### Source records
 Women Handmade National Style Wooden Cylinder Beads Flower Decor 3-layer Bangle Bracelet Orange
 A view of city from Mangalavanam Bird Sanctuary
--
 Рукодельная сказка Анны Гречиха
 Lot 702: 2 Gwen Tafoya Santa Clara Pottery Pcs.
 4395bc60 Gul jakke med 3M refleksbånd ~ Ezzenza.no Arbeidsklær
...
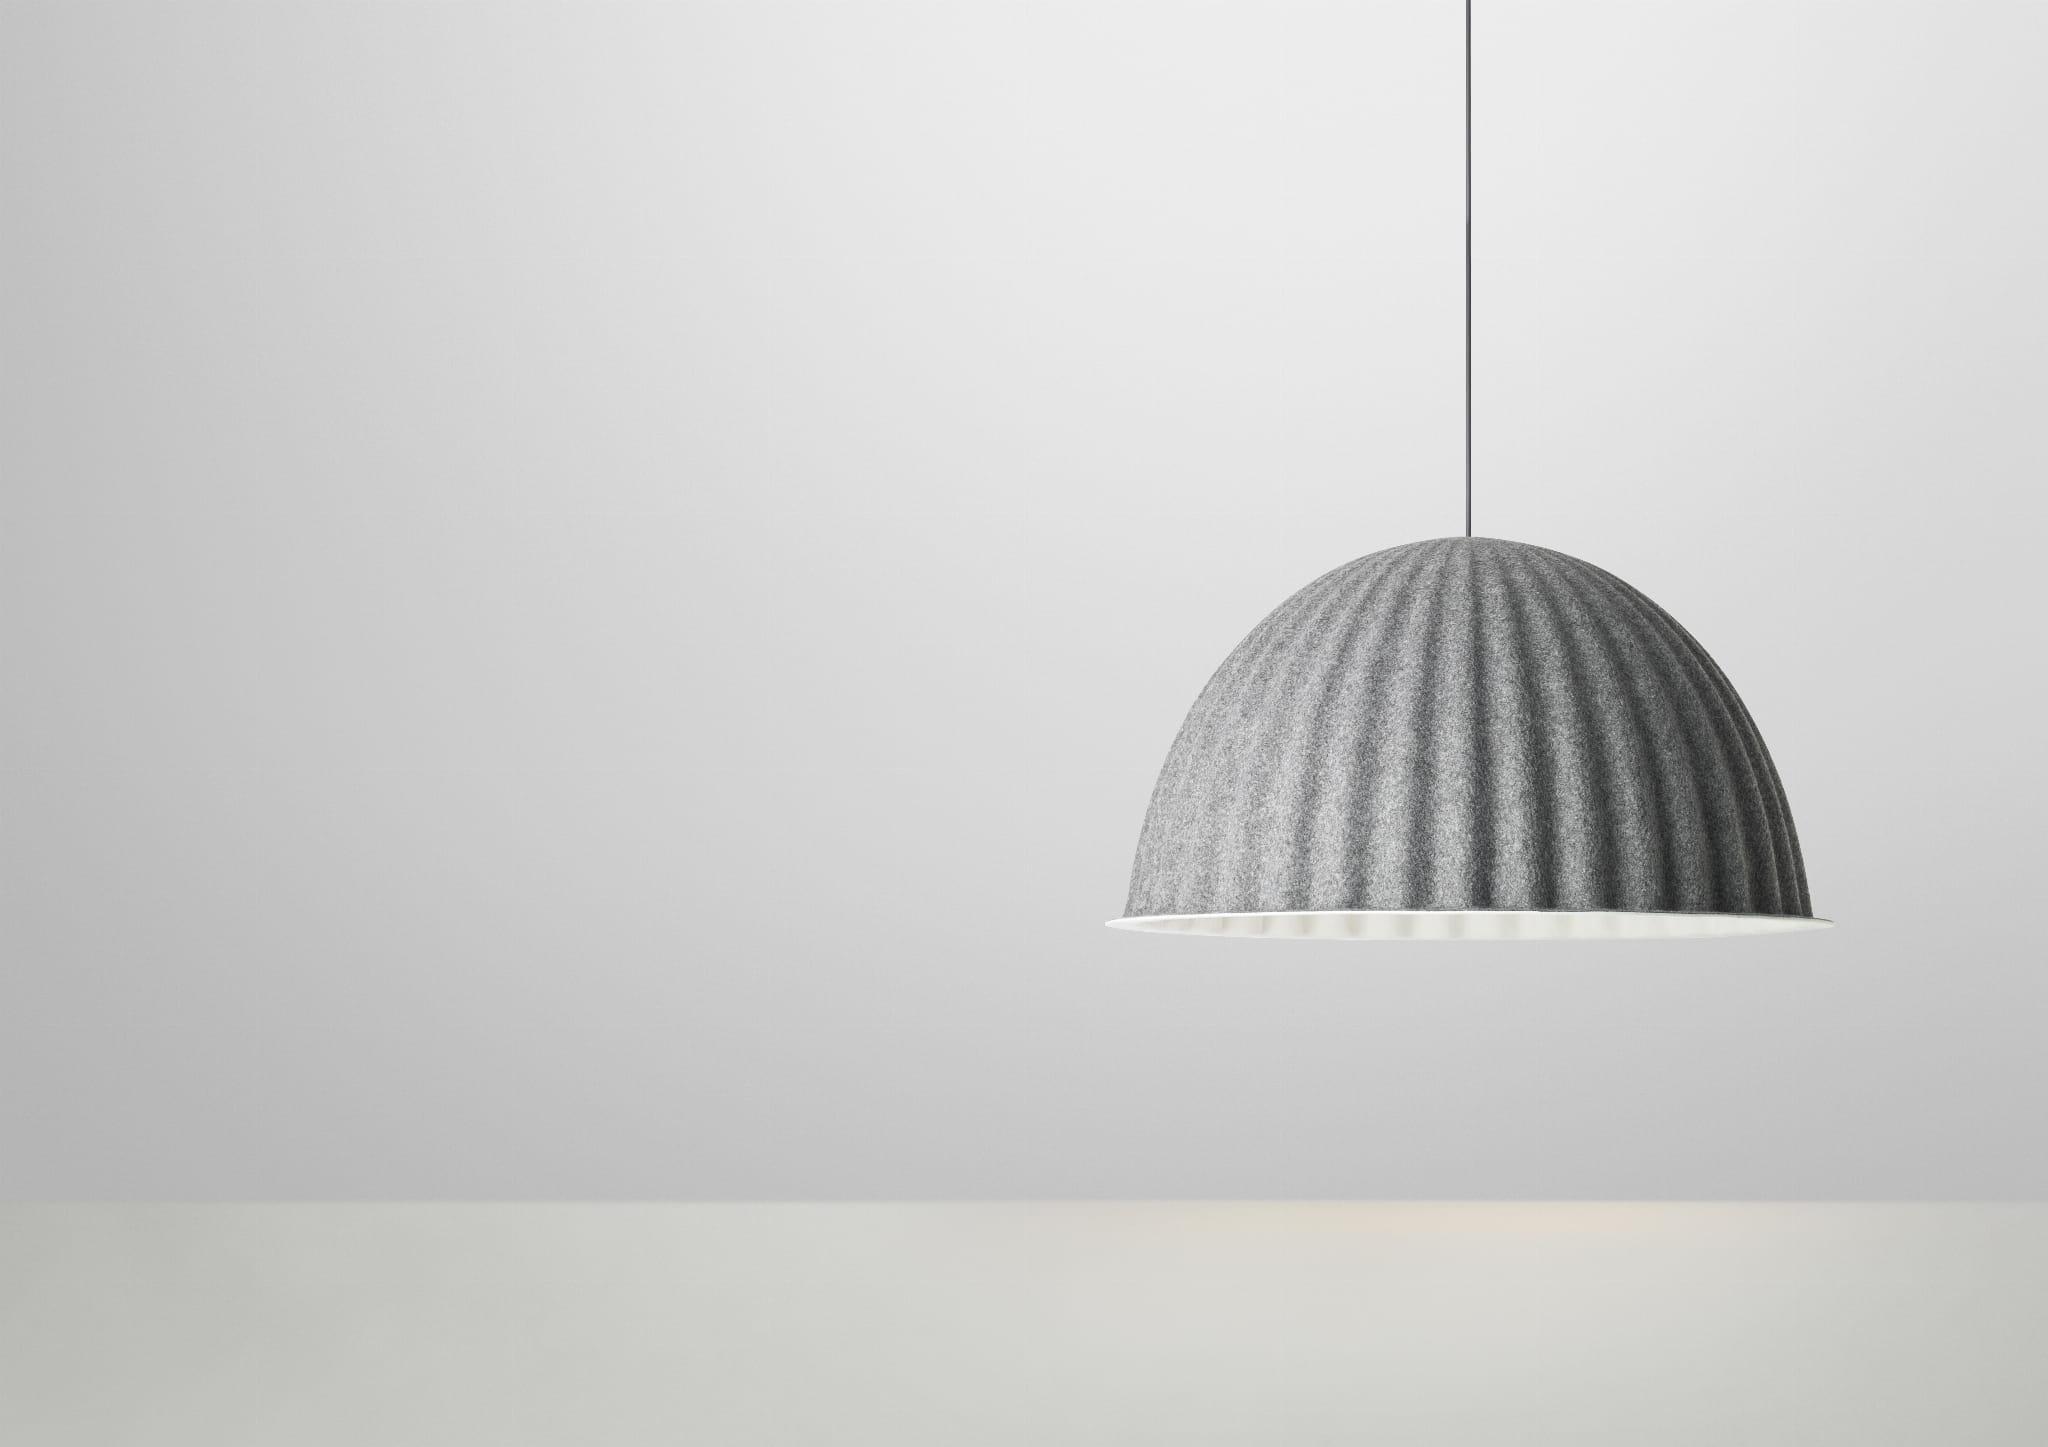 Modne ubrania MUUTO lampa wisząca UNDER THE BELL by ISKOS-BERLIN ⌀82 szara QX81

### Action item
Give an exact copy of the lines above from the line with "Women Handmade National" up to and including the line with "A view of city", and leave everything else out.

### Solved problem
 Women Handmade National Style Wooden Cylinder Beads Flower Decor 3-layer Bangle Bracelet Orange
 A view of city from Mangalavanam Bird Sanctuary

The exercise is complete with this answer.